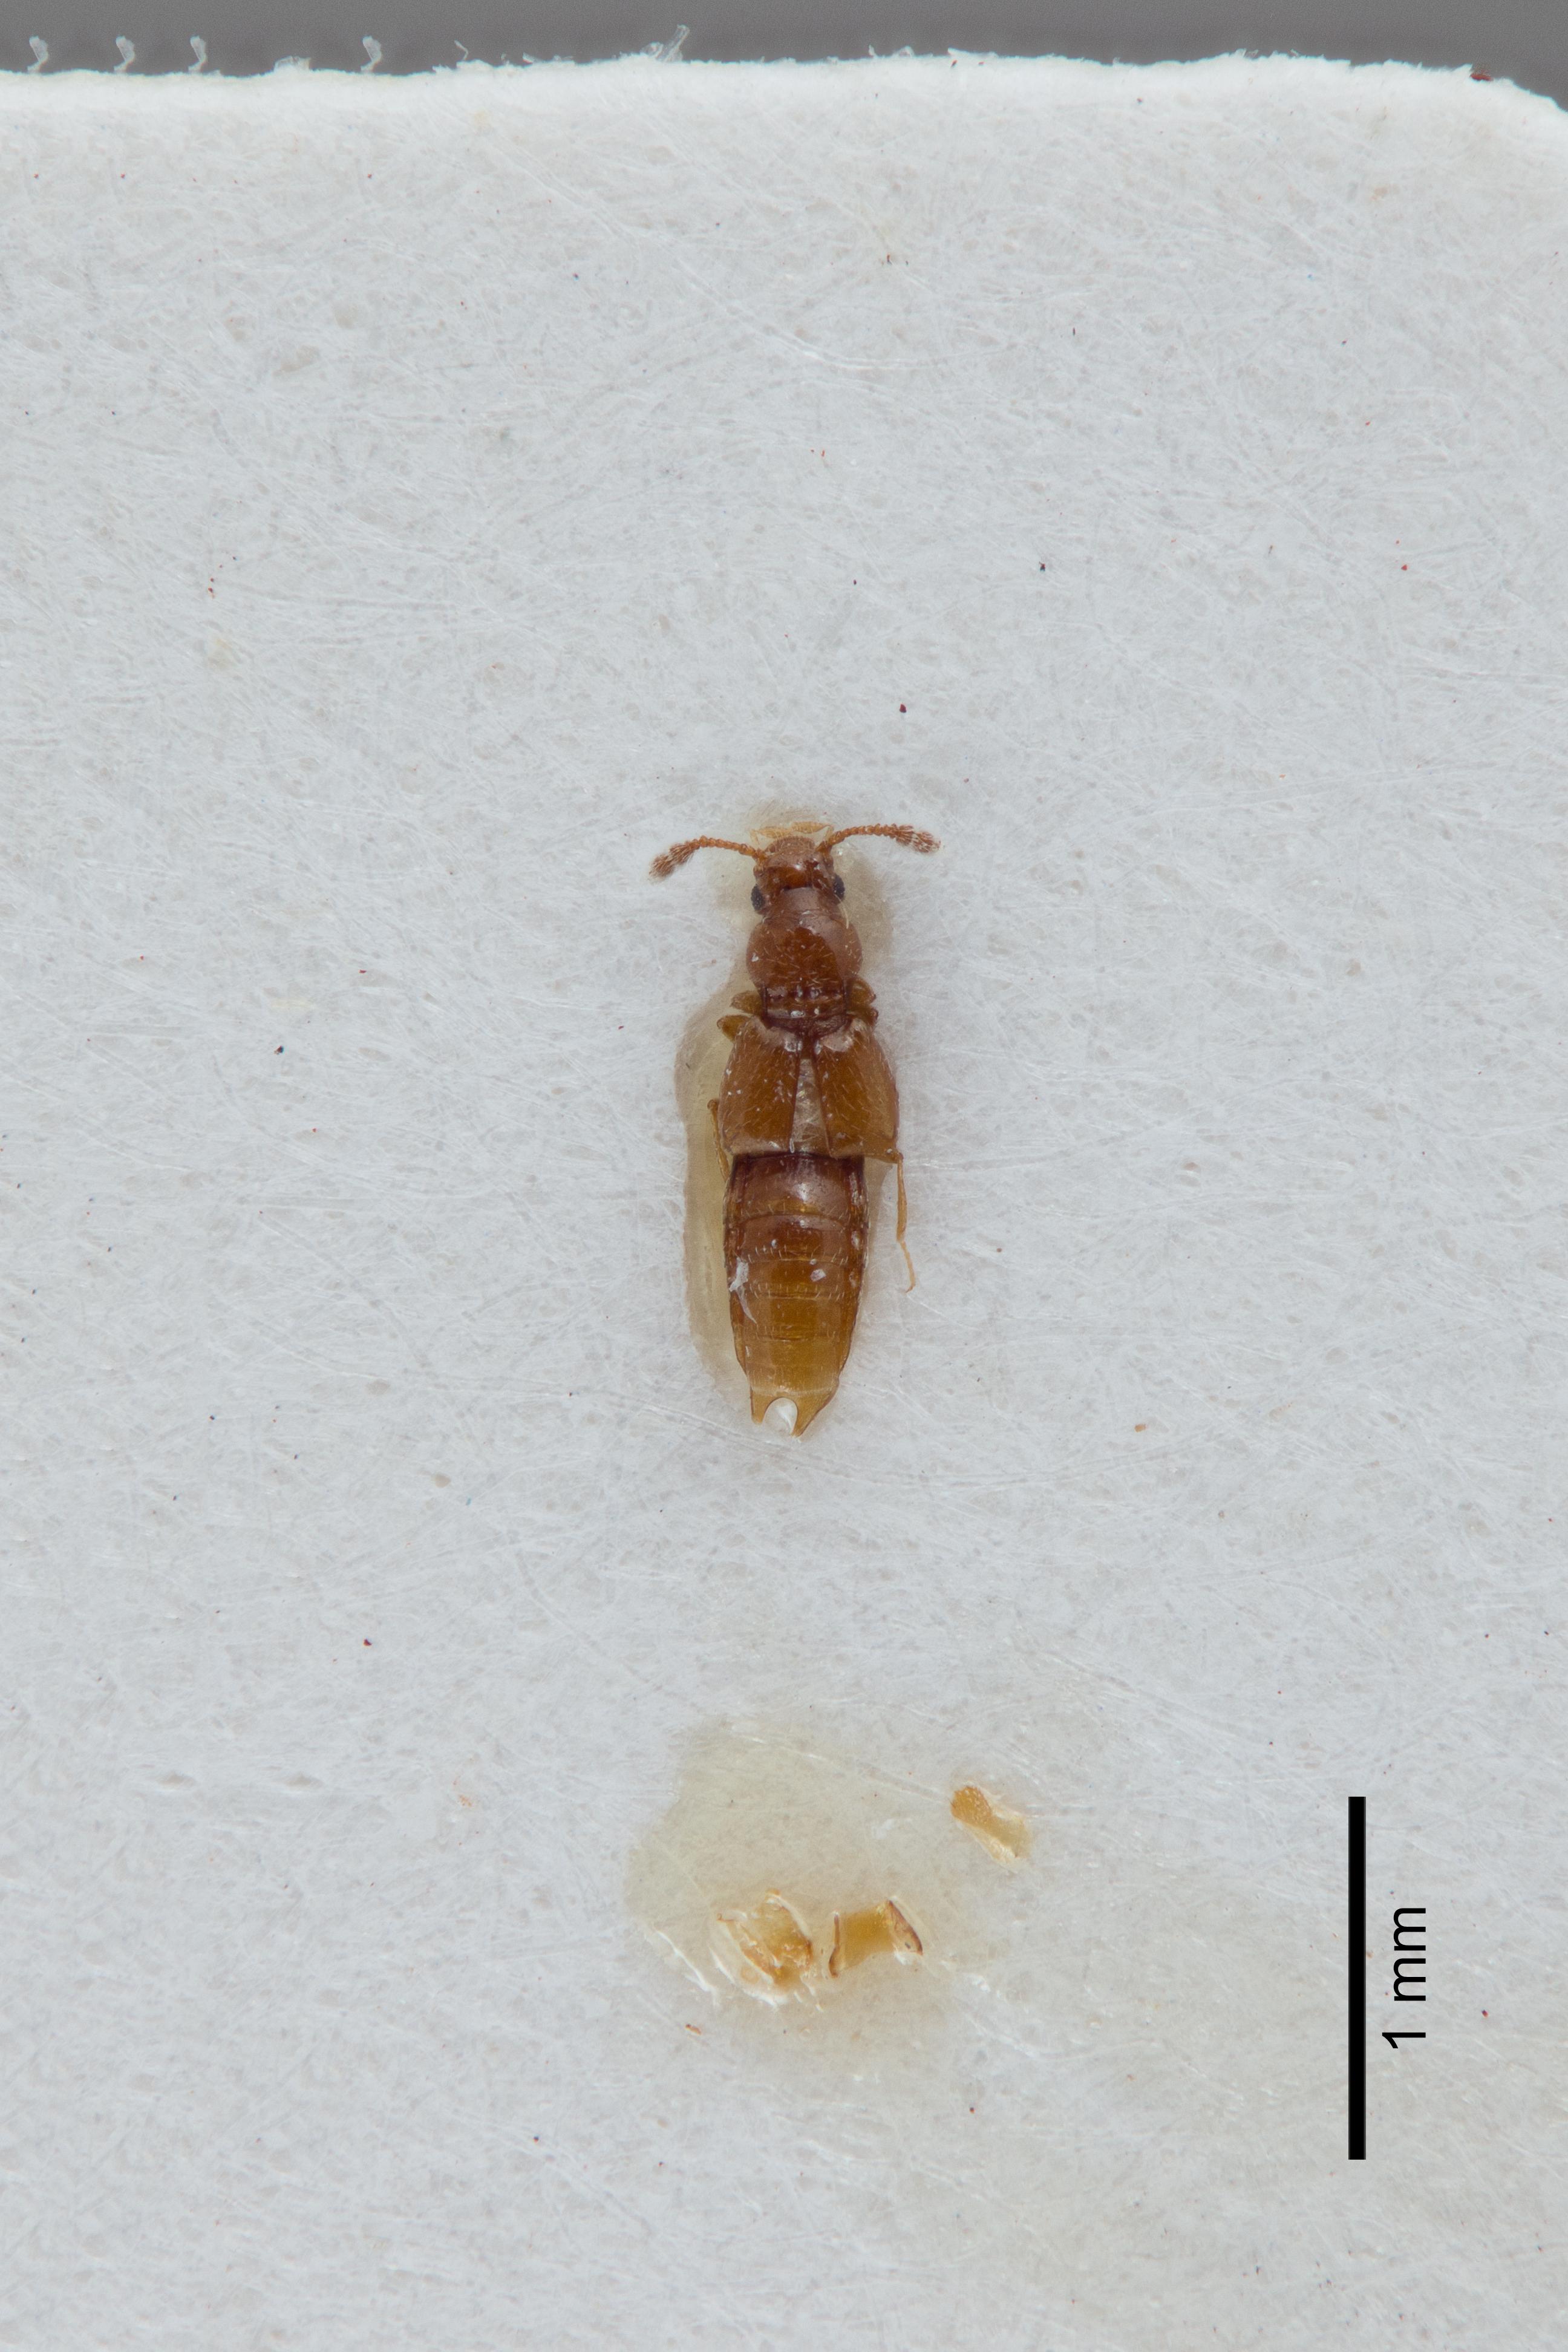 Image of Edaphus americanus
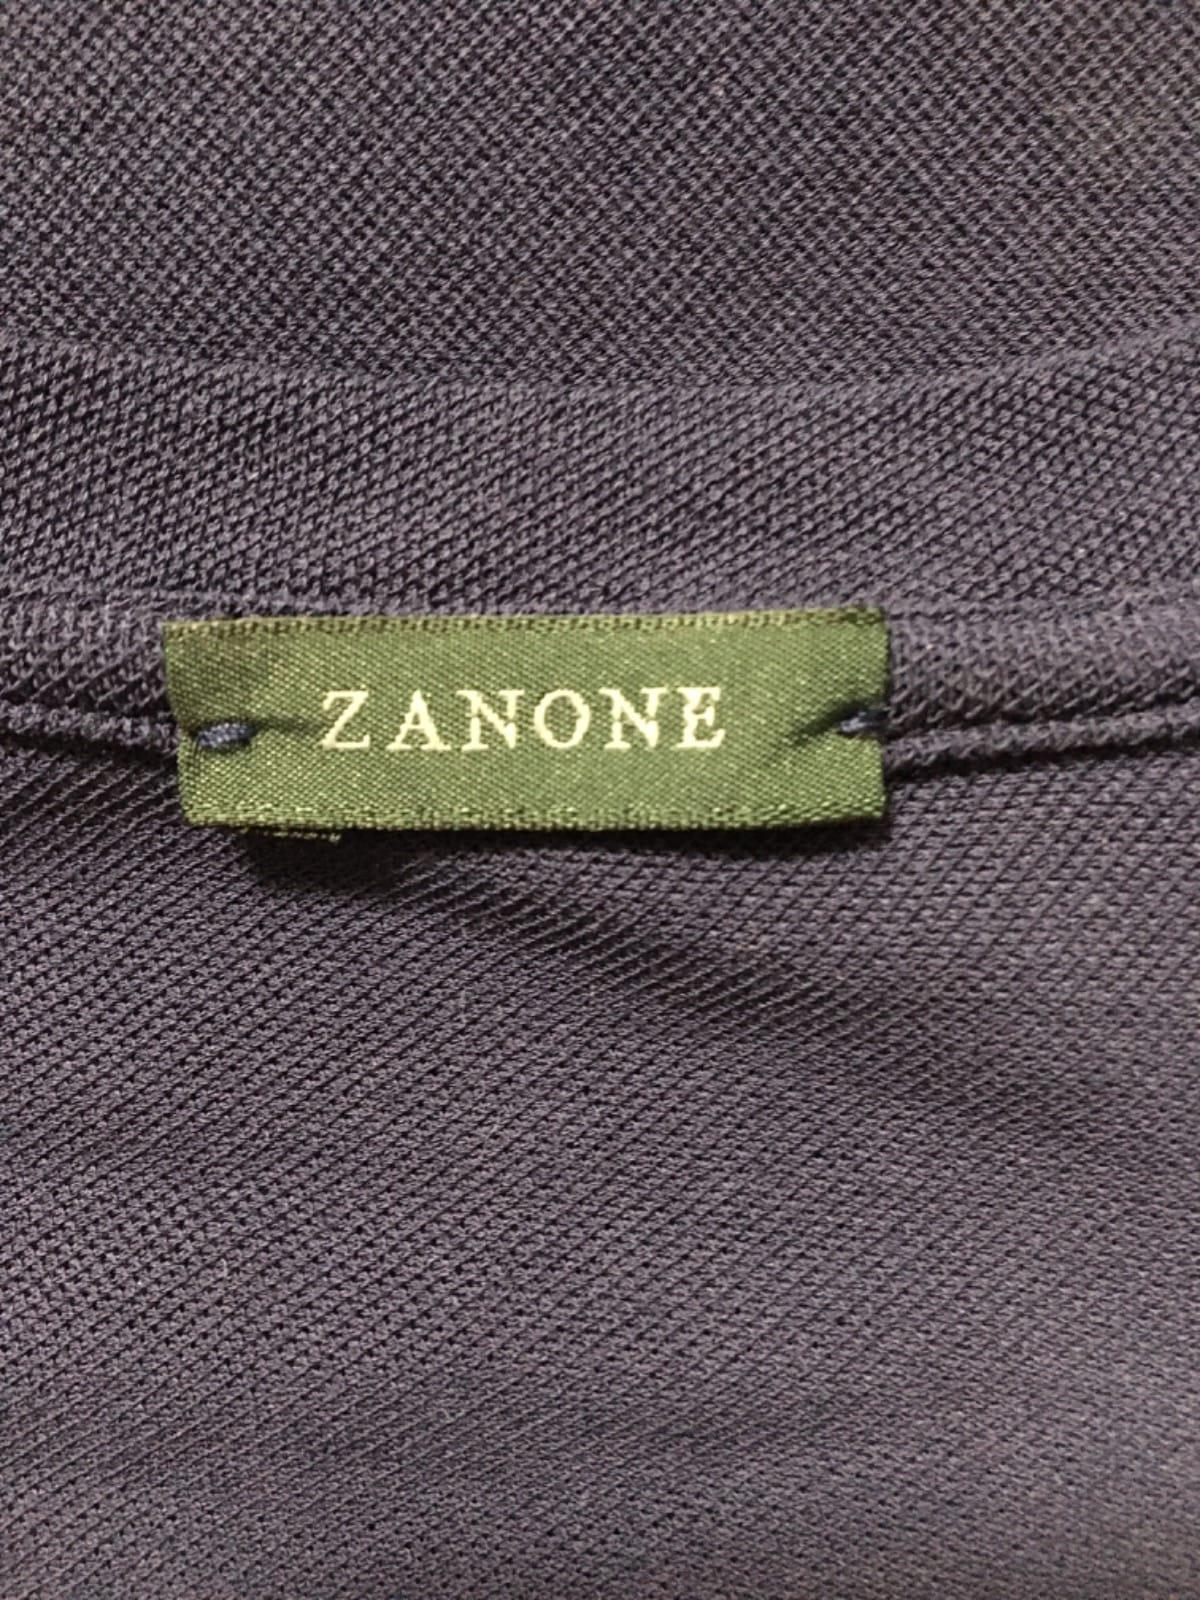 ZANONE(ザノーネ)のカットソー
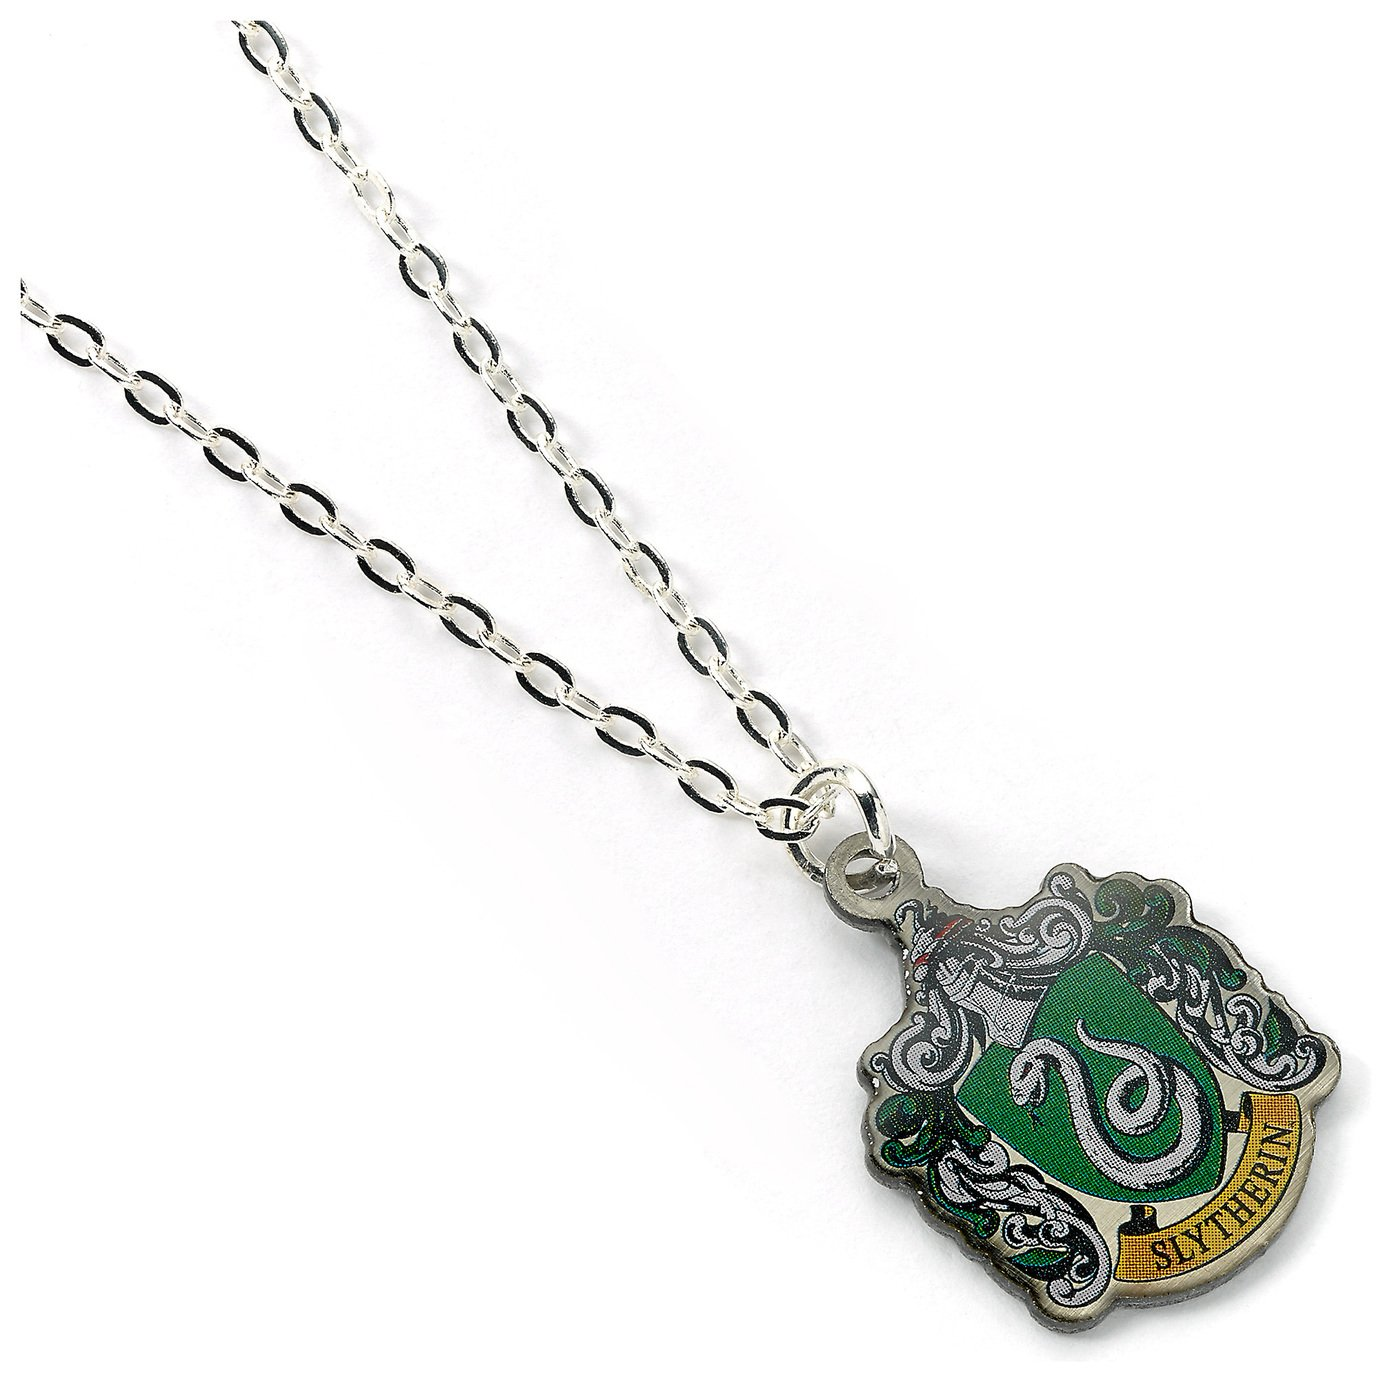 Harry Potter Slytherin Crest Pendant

### THE TASK
An exact copy of the material above is required, free of any pictures.

### WRITTEN REPLY
 Image of Edaphus americanus
 ZANONE(ザノーネ)のカットソー
 Harry Potter Slytherin Crest Pendant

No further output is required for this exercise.